Problem to solve:
Under this line is a listing; return exactly the lines starting at the one with "shop-our-instagram-באנר-ספרינג" and running down to the one with "1 Neostrearia fleckeri leaves", and leave out its pictures.

Segment Start: Material provided

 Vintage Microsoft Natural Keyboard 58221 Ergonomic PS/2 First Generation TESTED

Segment End: Material provided
Segment Start: Material provided

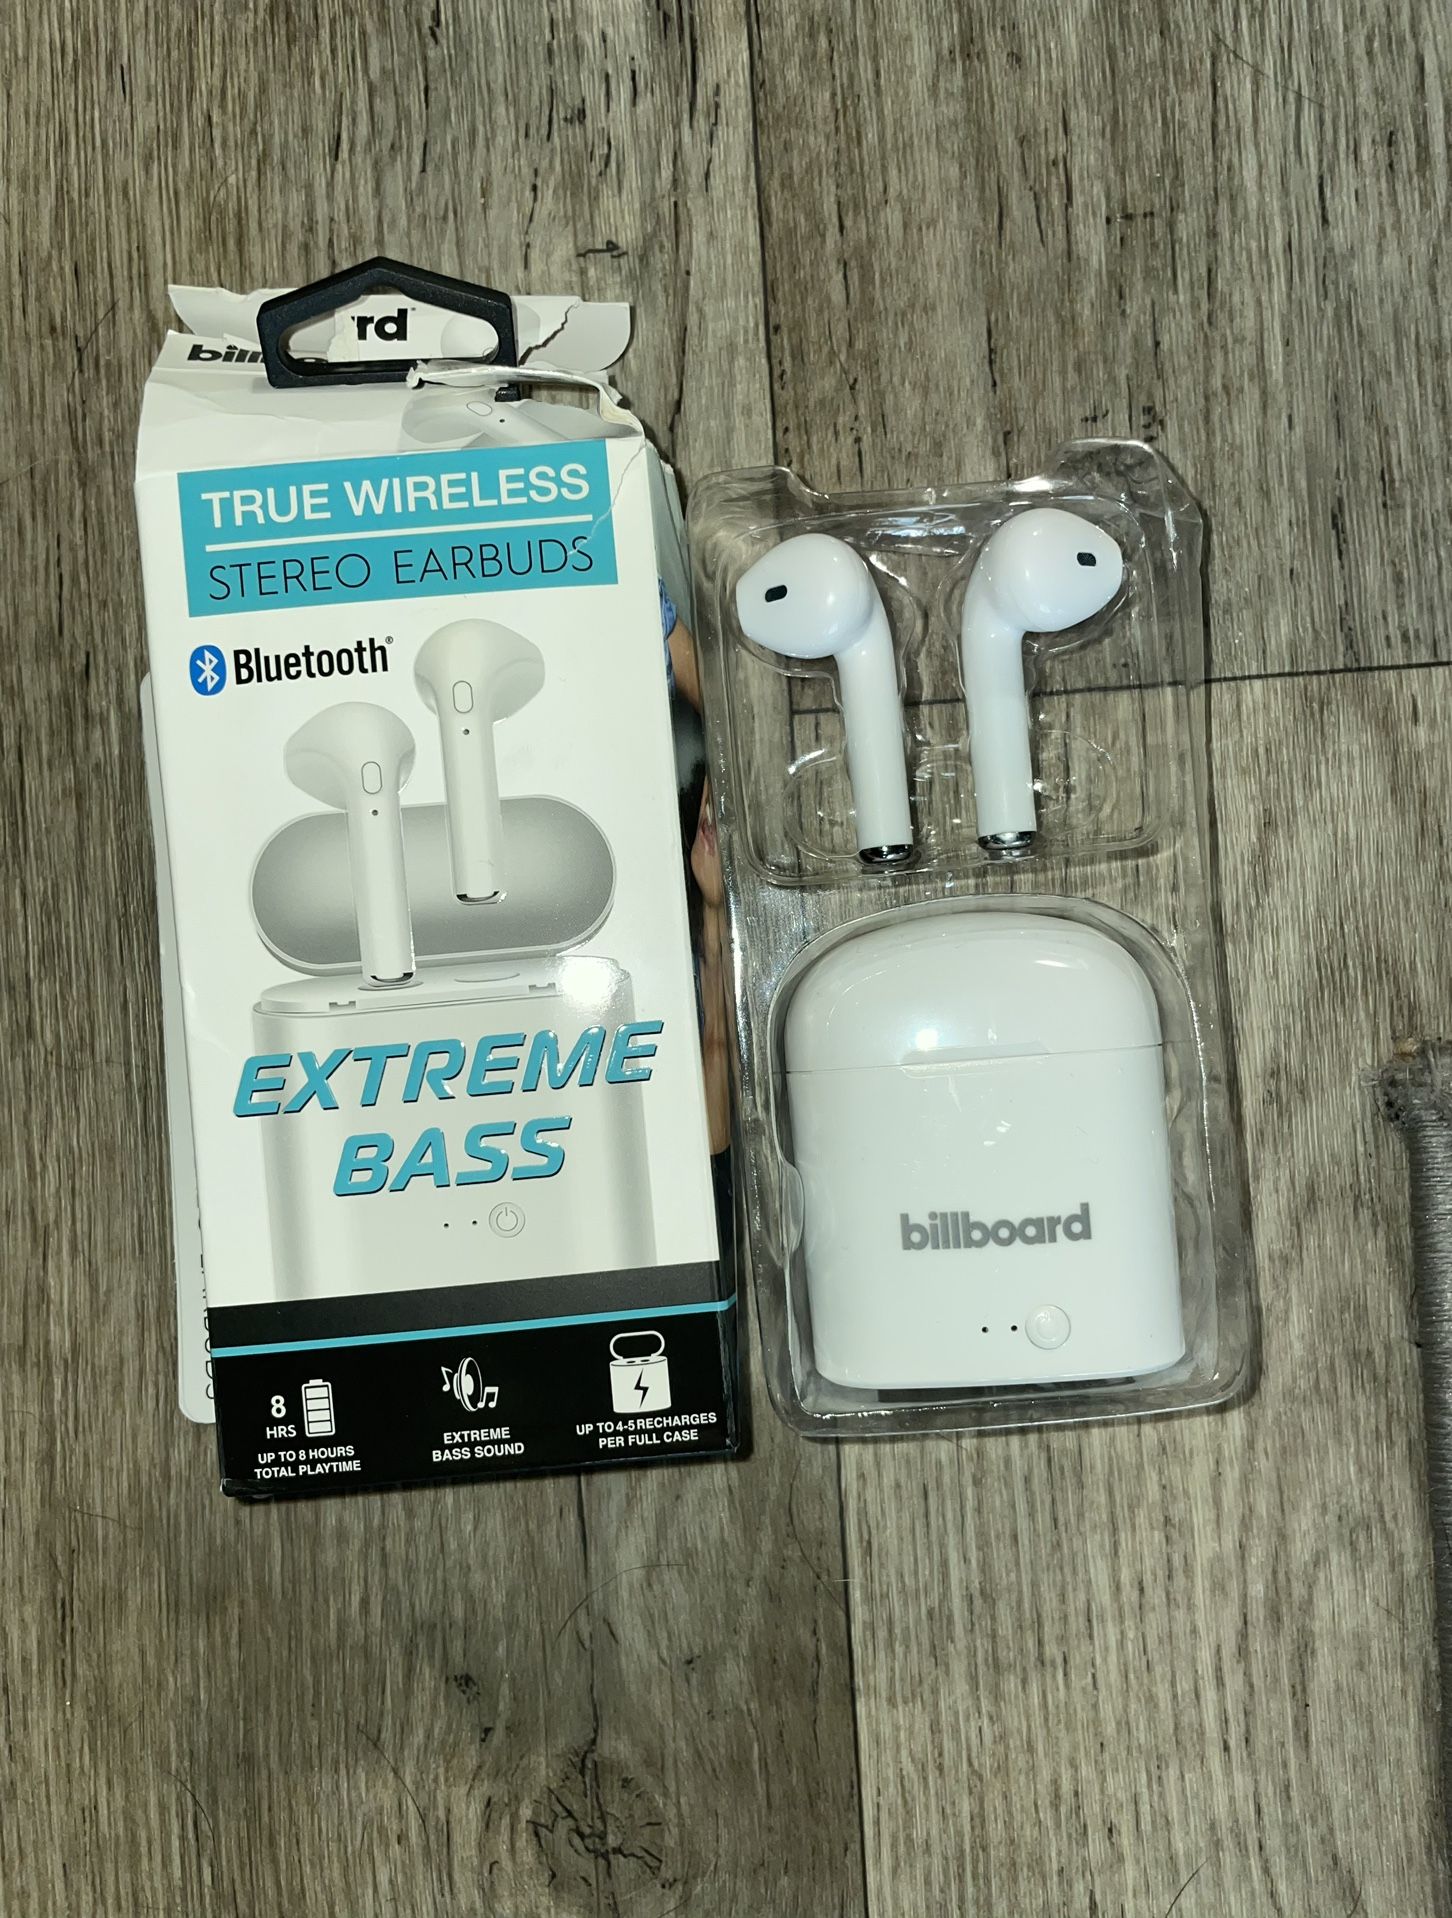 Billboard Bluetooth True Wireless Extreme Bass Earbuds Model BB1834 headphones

Segment End: Material provided
Segment Start: Material provided

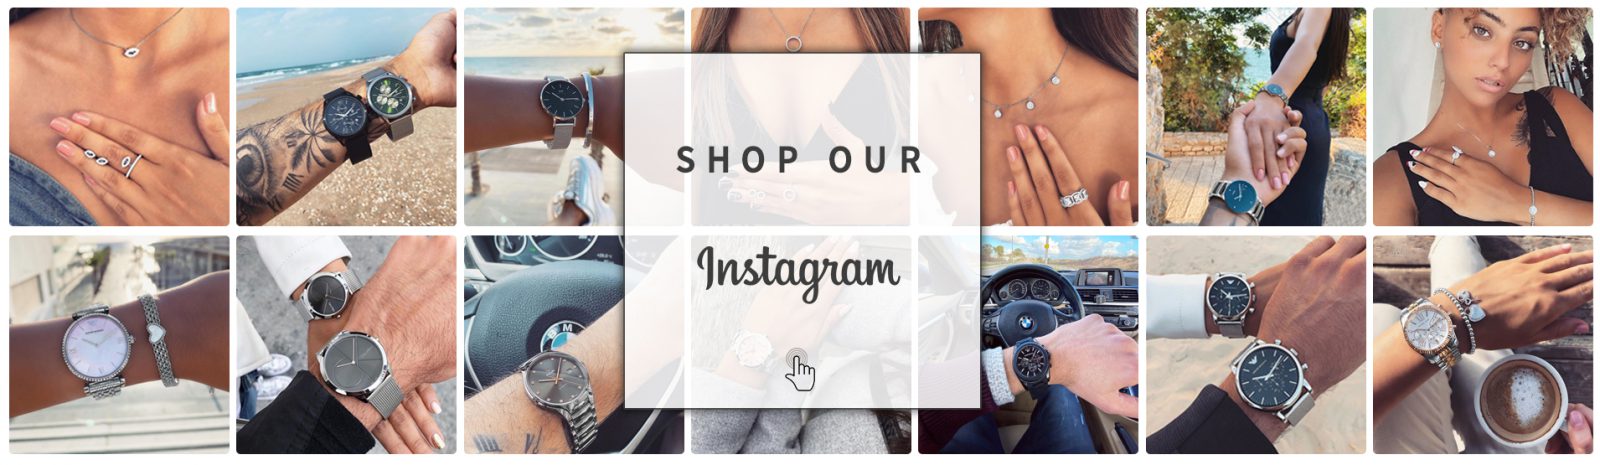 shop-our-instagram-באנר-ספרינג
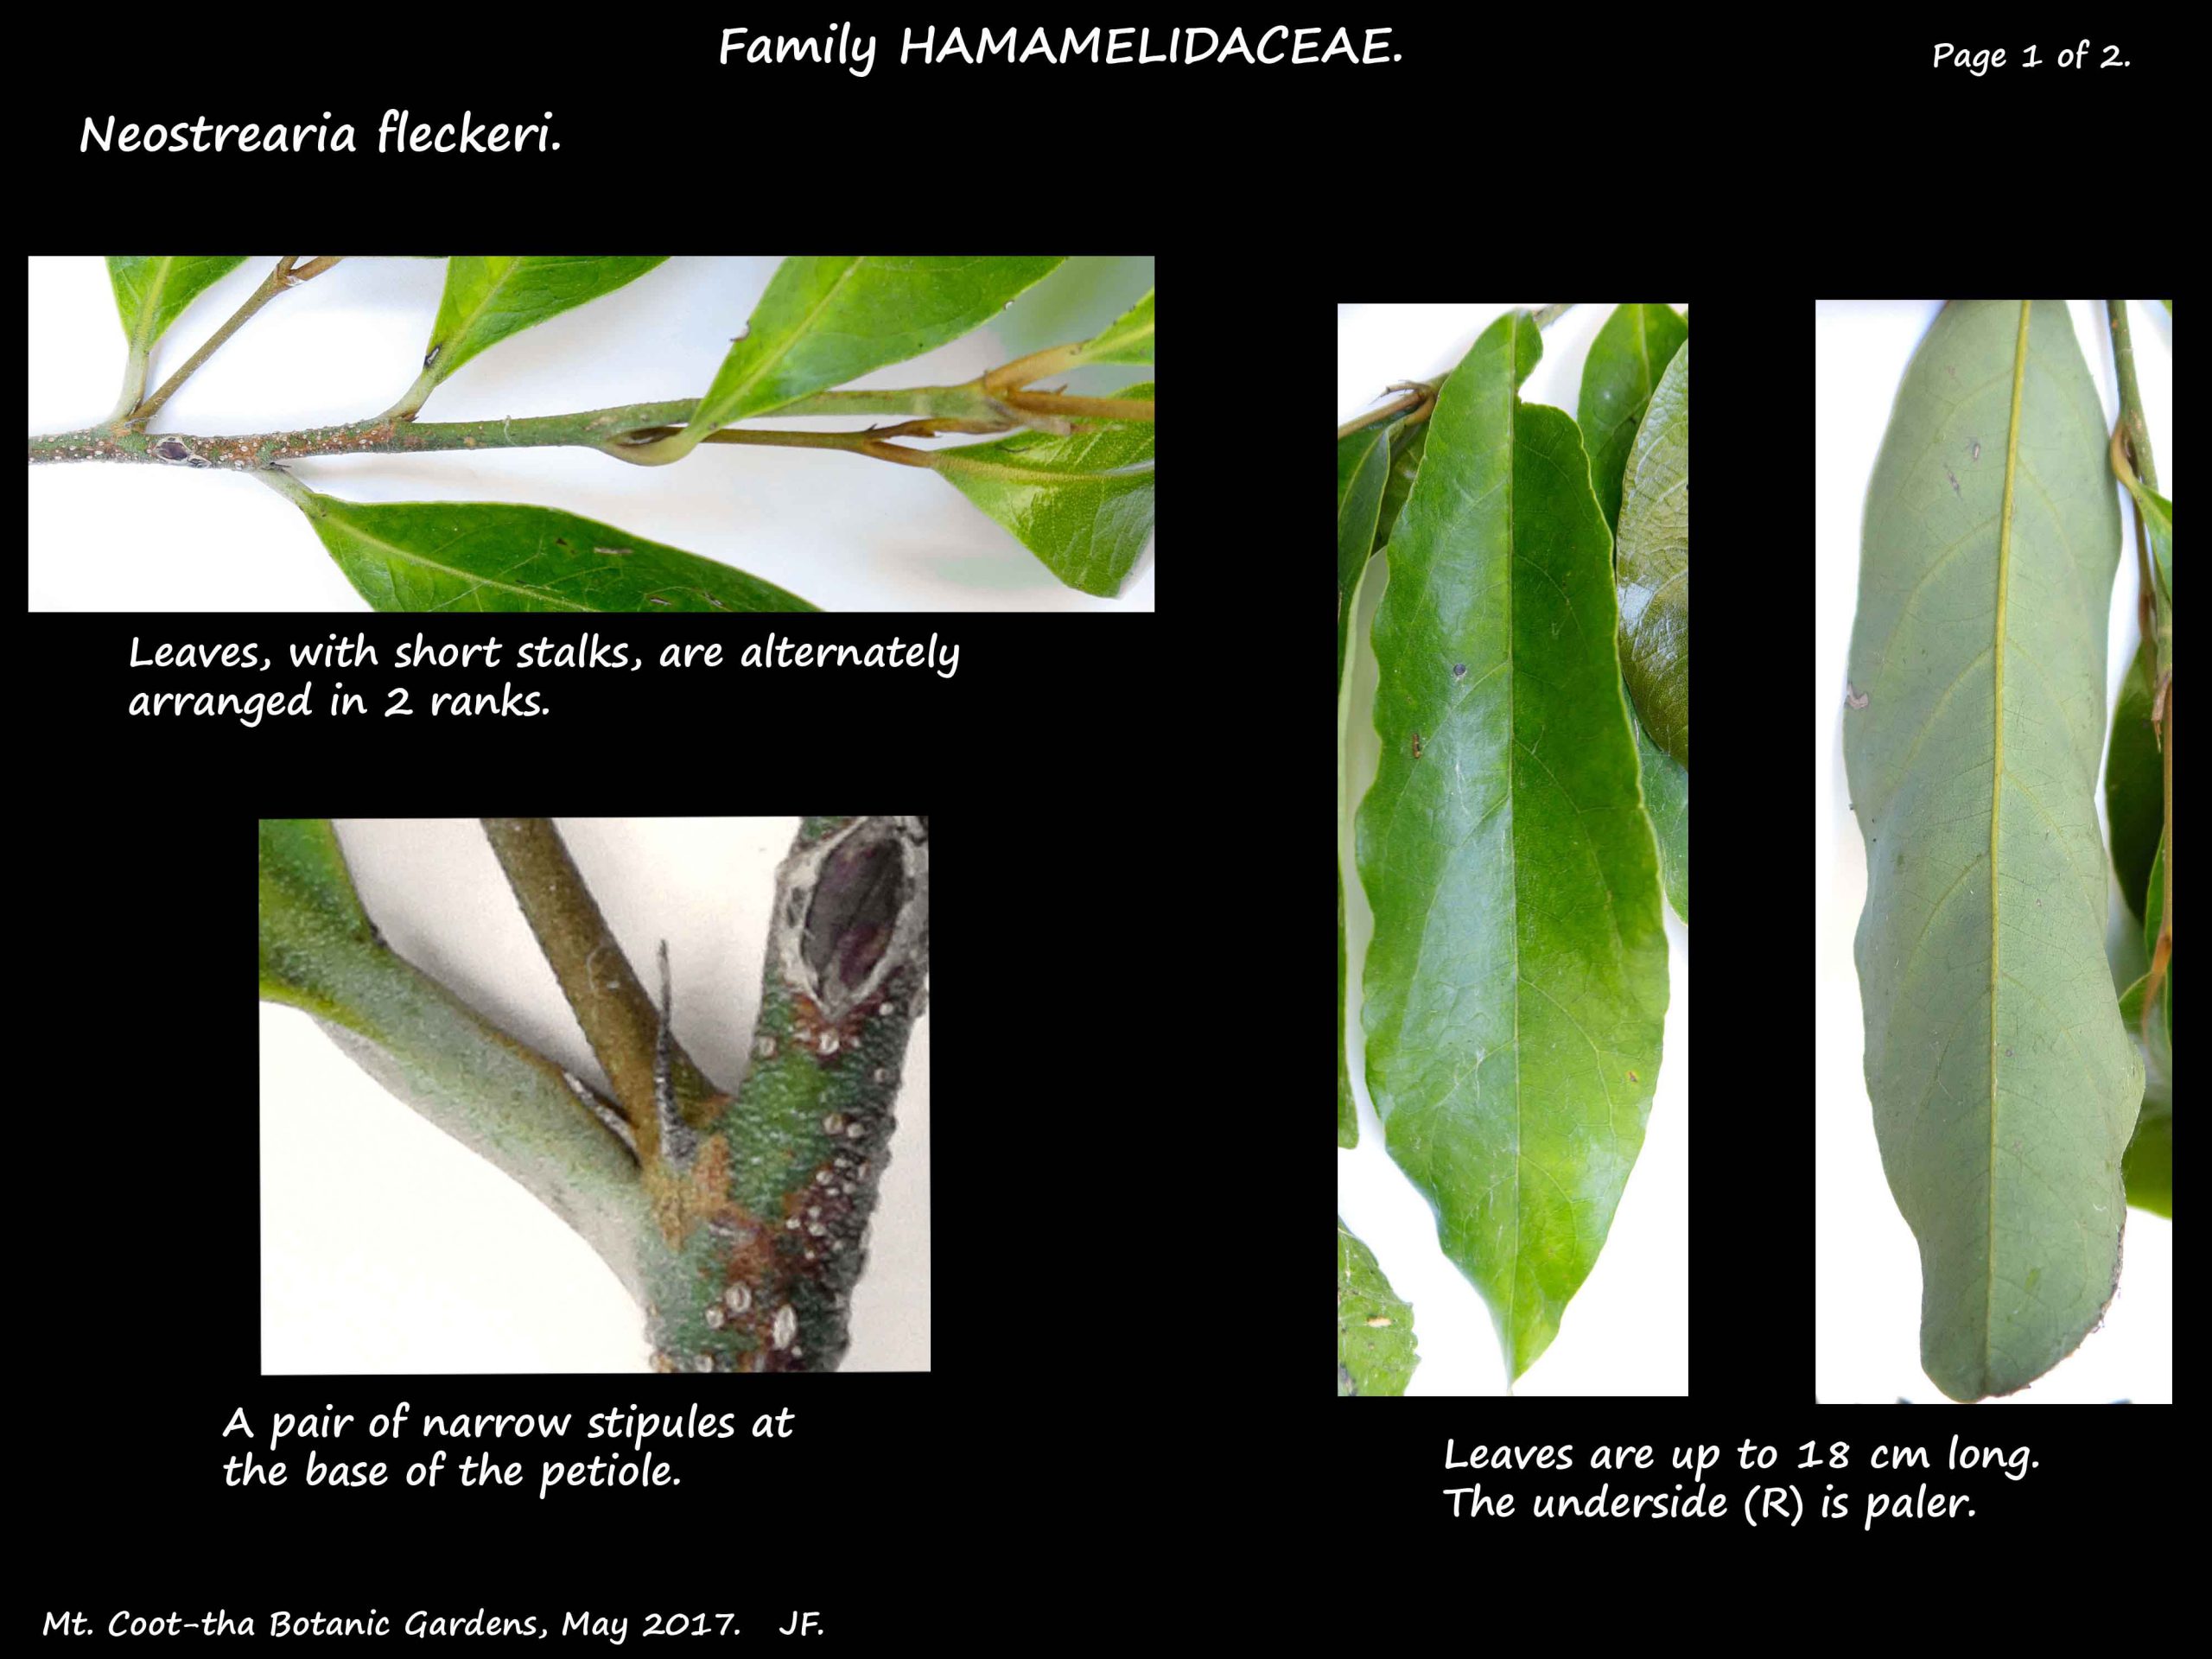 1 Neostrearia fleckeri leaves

Segment End: Material provided

Finished task:
 shop-our-instagram-באנר-ספרינג
 1 Neostrearia fleckeri leaves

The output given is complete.